** Data for the task follows **

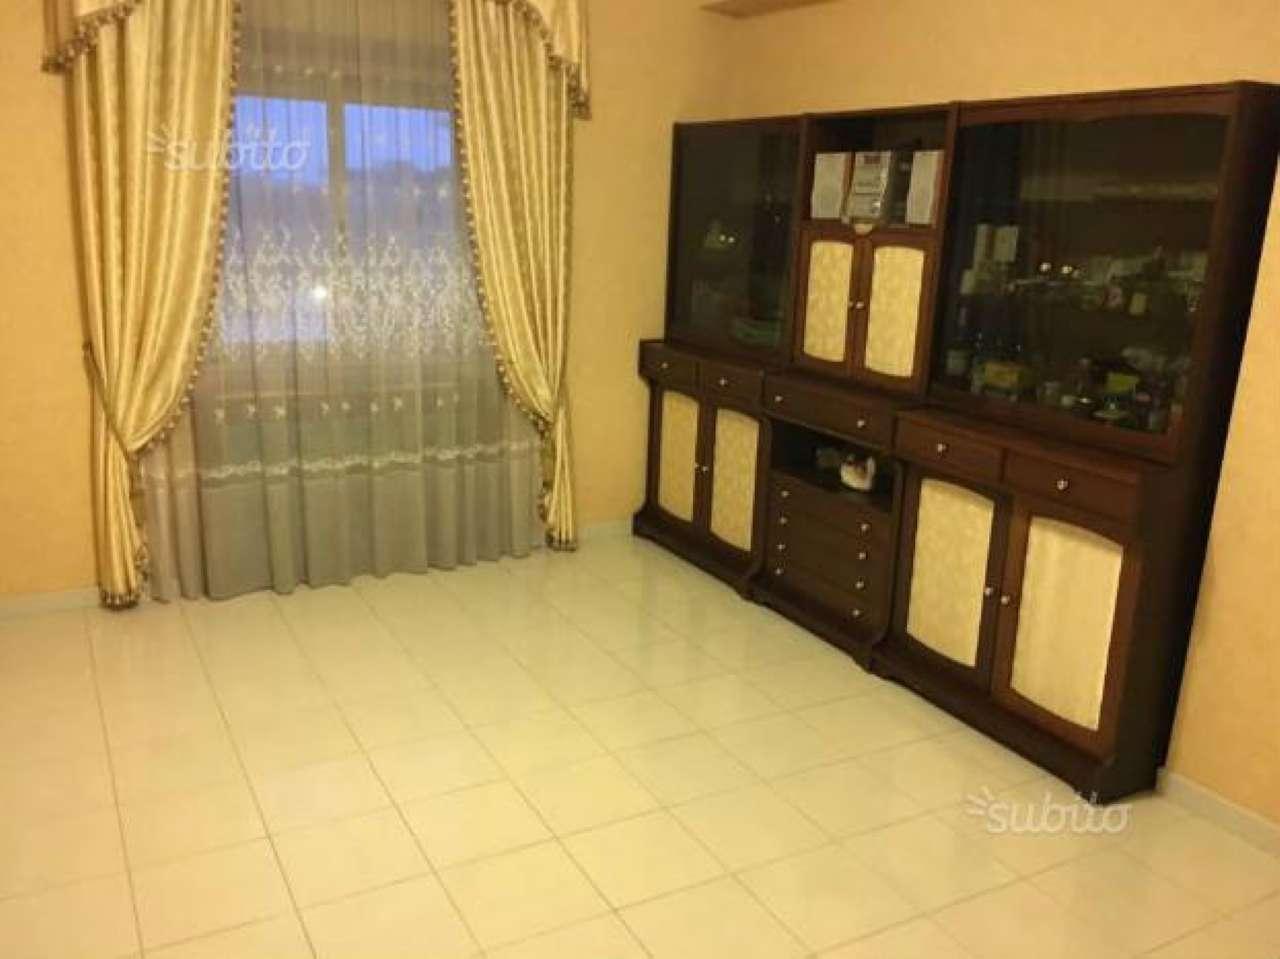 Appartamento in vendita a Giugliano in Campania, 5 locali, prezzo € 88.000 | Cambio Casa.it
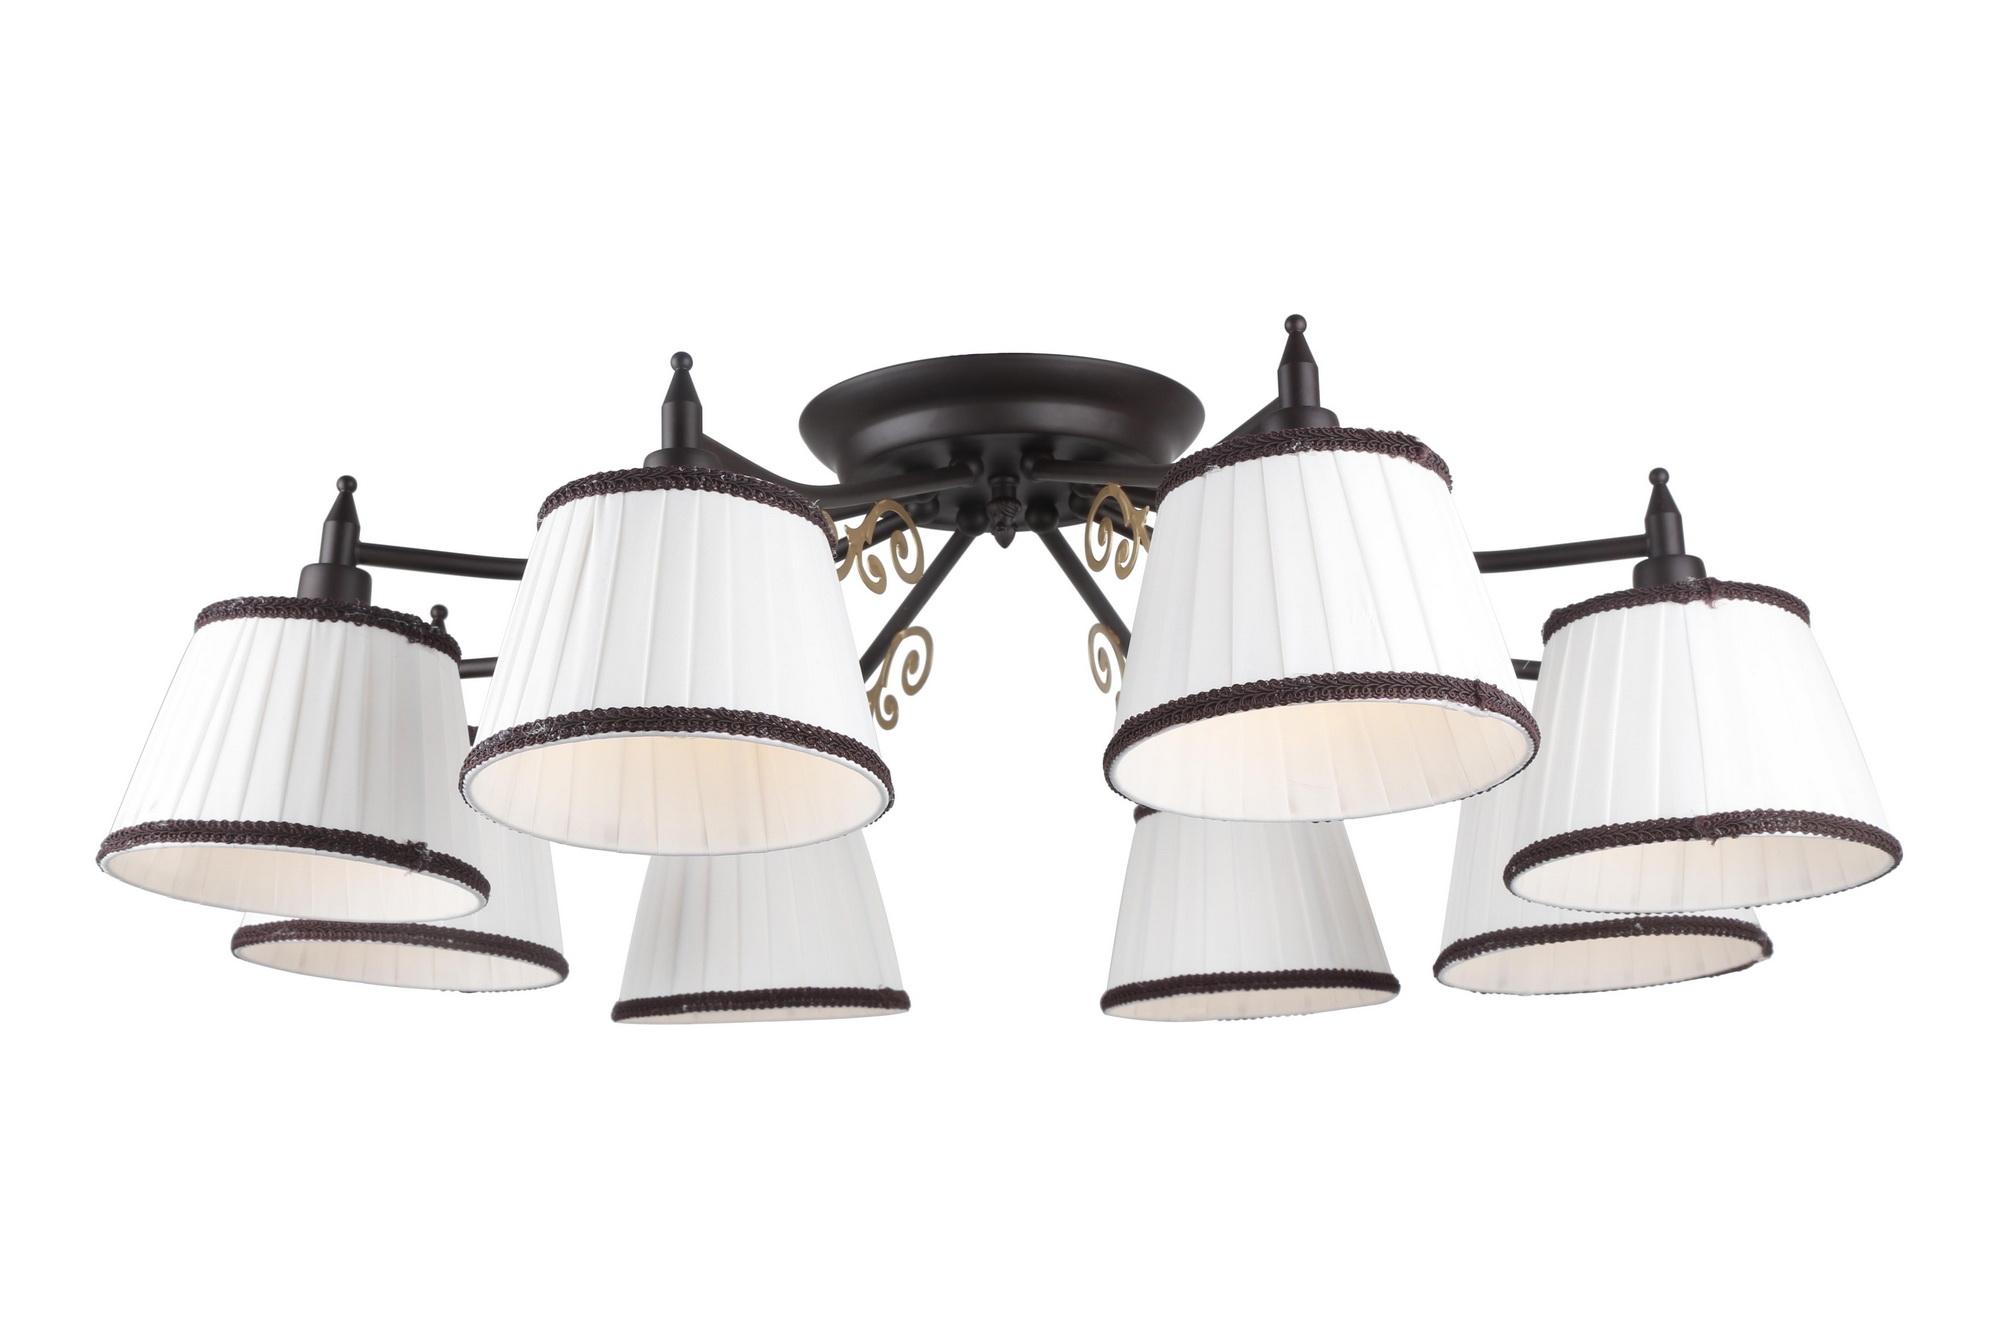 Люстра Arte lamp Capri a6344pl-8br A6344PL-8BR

** End of Data for the task **
** Data for the task follows **

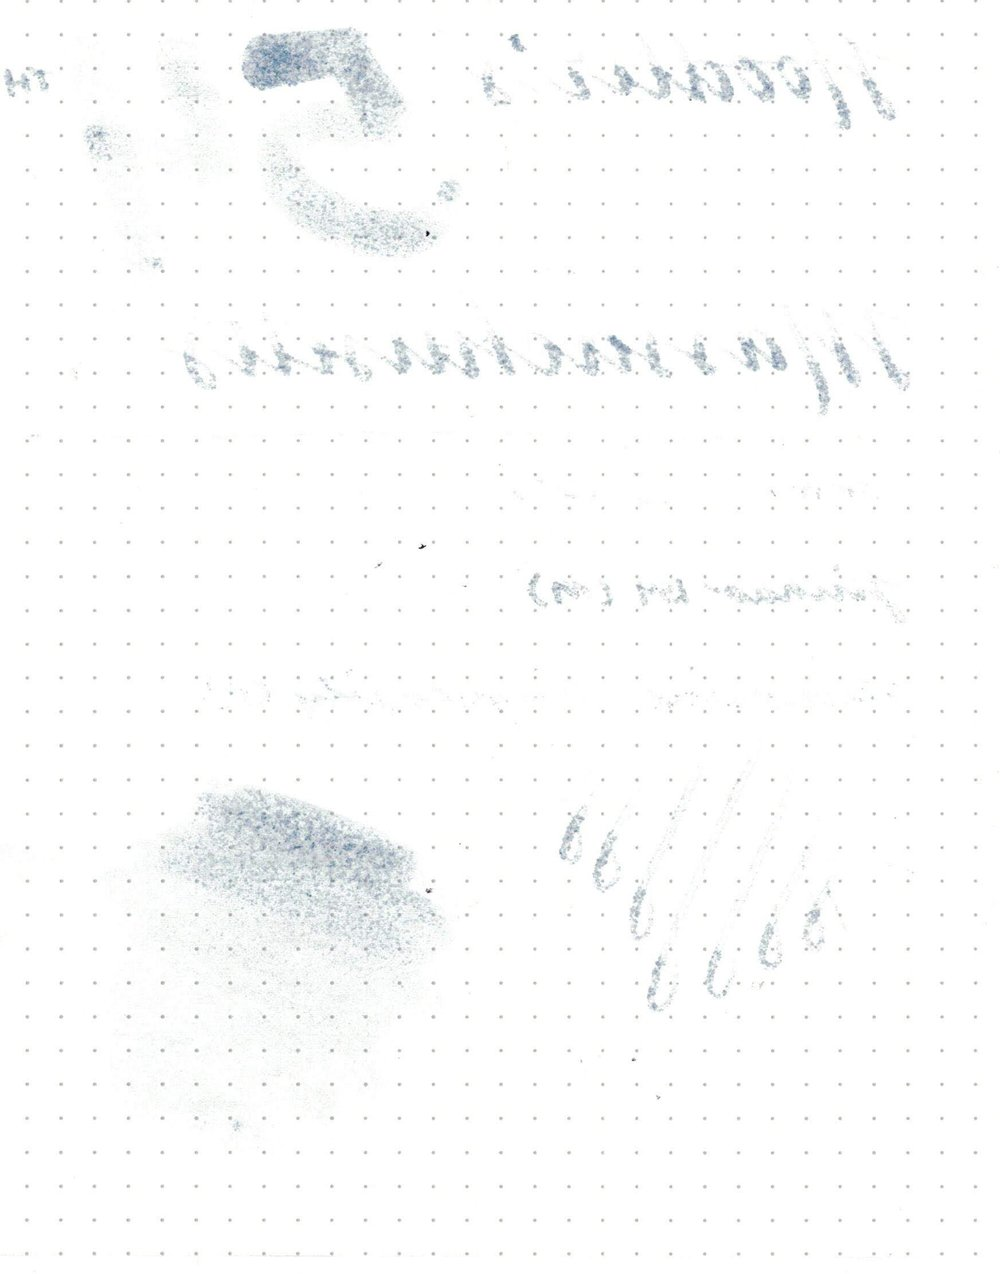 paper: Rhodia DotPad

** End of Data for the task **

[Exercise goal]
From the records above, output only the lines starting at the one containing "Appartamento in vendita" and ending at the one containing "Люстра Arte lamp", word for word. Pictures stay out.

[Answer below]
 Appartamento in vendita a Giugliano in Campania, 5 locali, prezzo € 88.000 | Cambio Casa.it
 Люстра Arte lamp Capri a6344pl-8br A6344PL-8BR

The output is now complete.